Notice that you need to create users and applications before being able to login. You can use the scripts located in user-panel/backend/utils to create users for testing.

If you don't have an application you want to use as an OIDC client, you can use the small OpeinID Connect test application located at test/login_logout/. Instructions on how to run the test application can be found in test/login_logout/README.md.
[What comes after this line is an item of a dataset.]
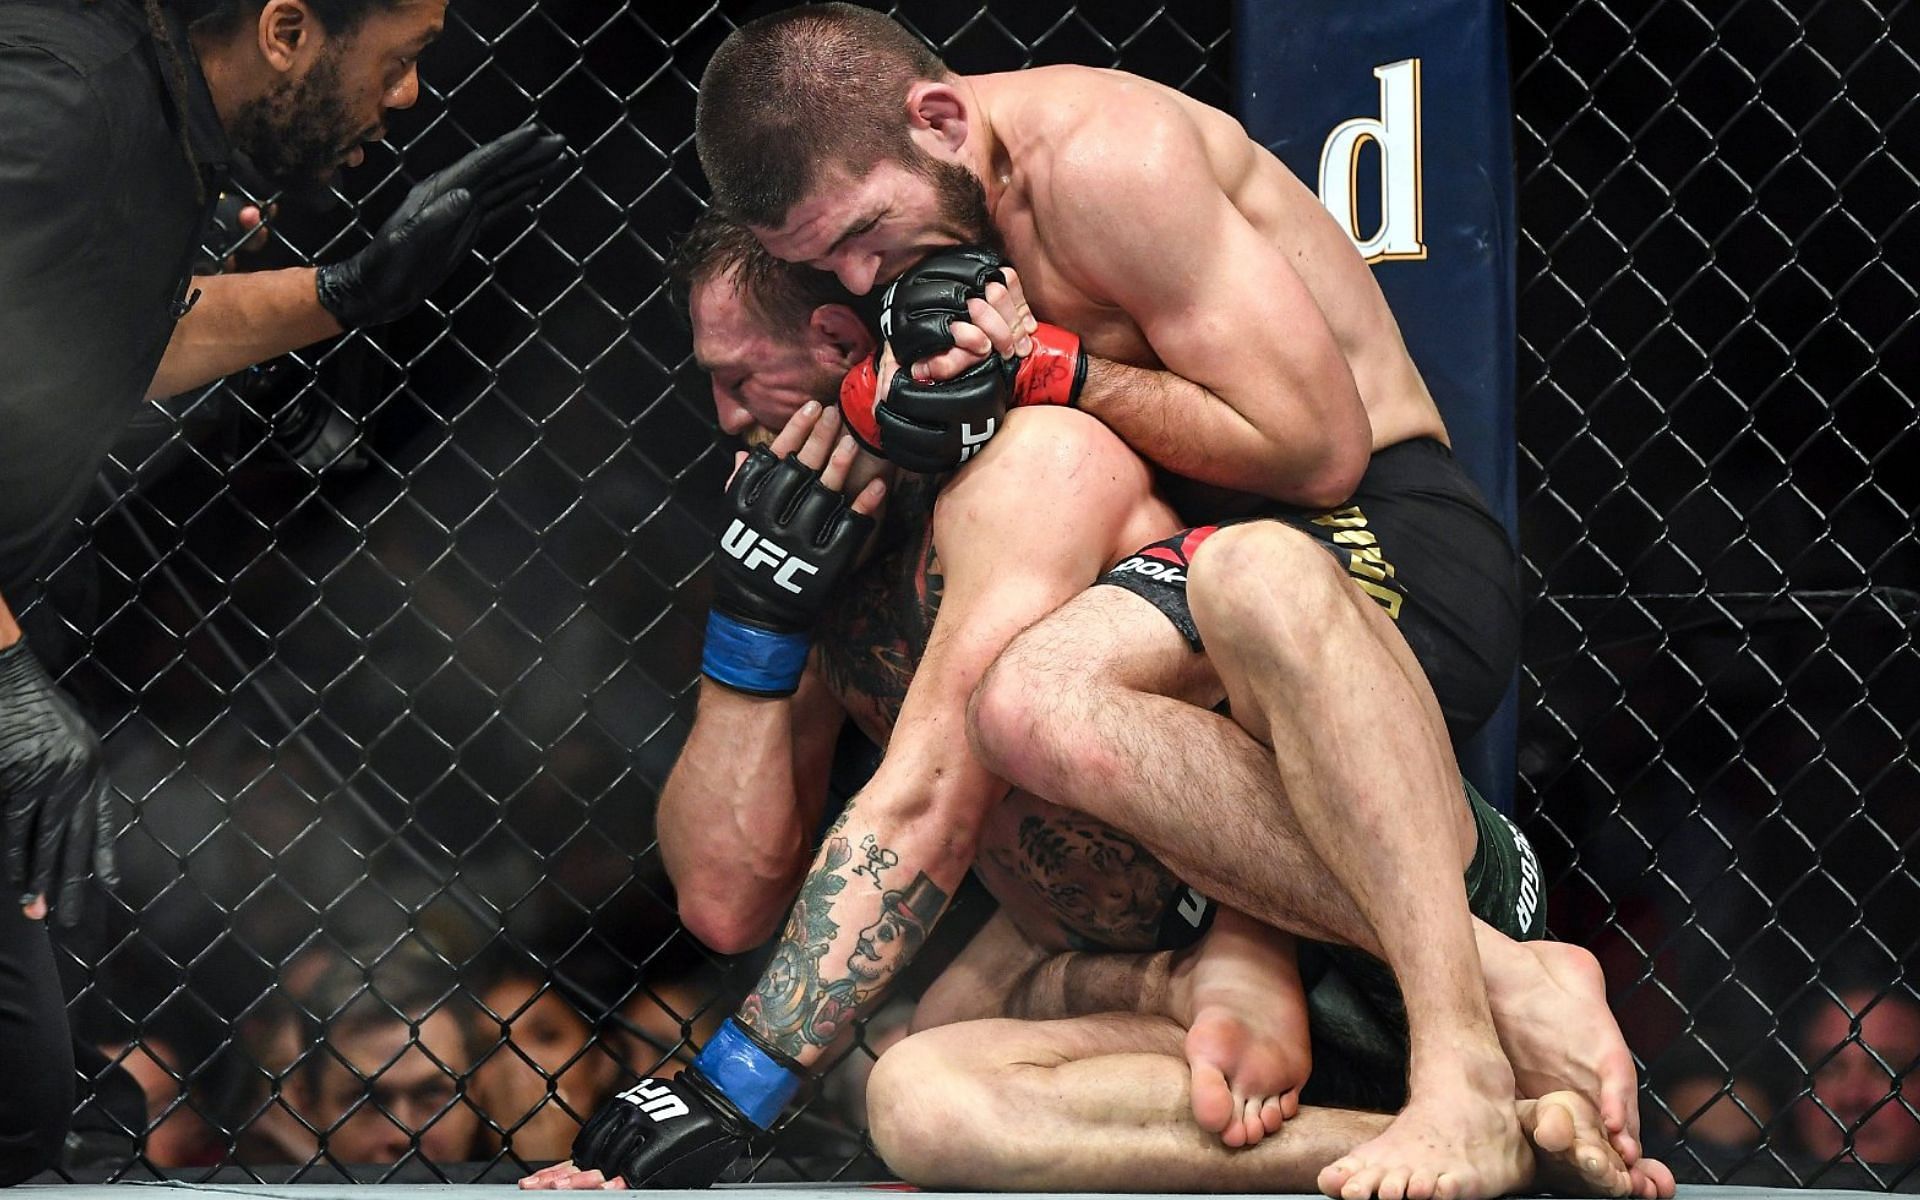 UFC 229: Khabib Nurmagomedov chokes out Conor McGregor in the fourth round [Image via @espnmma on Twitter]

Refer to .gitlab-ci.yml to get an idea on how to run all of the tests that this repository contains.

Adding clients

This section covers how you can manually add clients to the single-sign-on server.

Note that we recommend using the helm chart installation if you want to add clients. Take a look at the helmchart documentation to see how you can register clients if you install single-sign-on with the helm chart. However, if you just want to test something on your docker-compose setup, keep reading.

Step 1: registering the client

single-sign-on uses Hydra to provide an API for creating clients. As a starting point, you can have a look at test/create-hydra-client.bash. For more information on the available scopes and endpoints, you can take a look at https://sso.<YOUR.DOMAIN>/.well-known/openid-configuration. Remember the client_name and client_secret you use to register your application. You will need to enter the same name and secret in your application configuration in the next step.

Step 2: configuring the application

You still need to configure the application you want to be able to log into to use the client you just registered. Some applications, like Grafana, support OpenID Connect out-of-the-box. Other applications, like Nextcloud, require a plugin to add this support.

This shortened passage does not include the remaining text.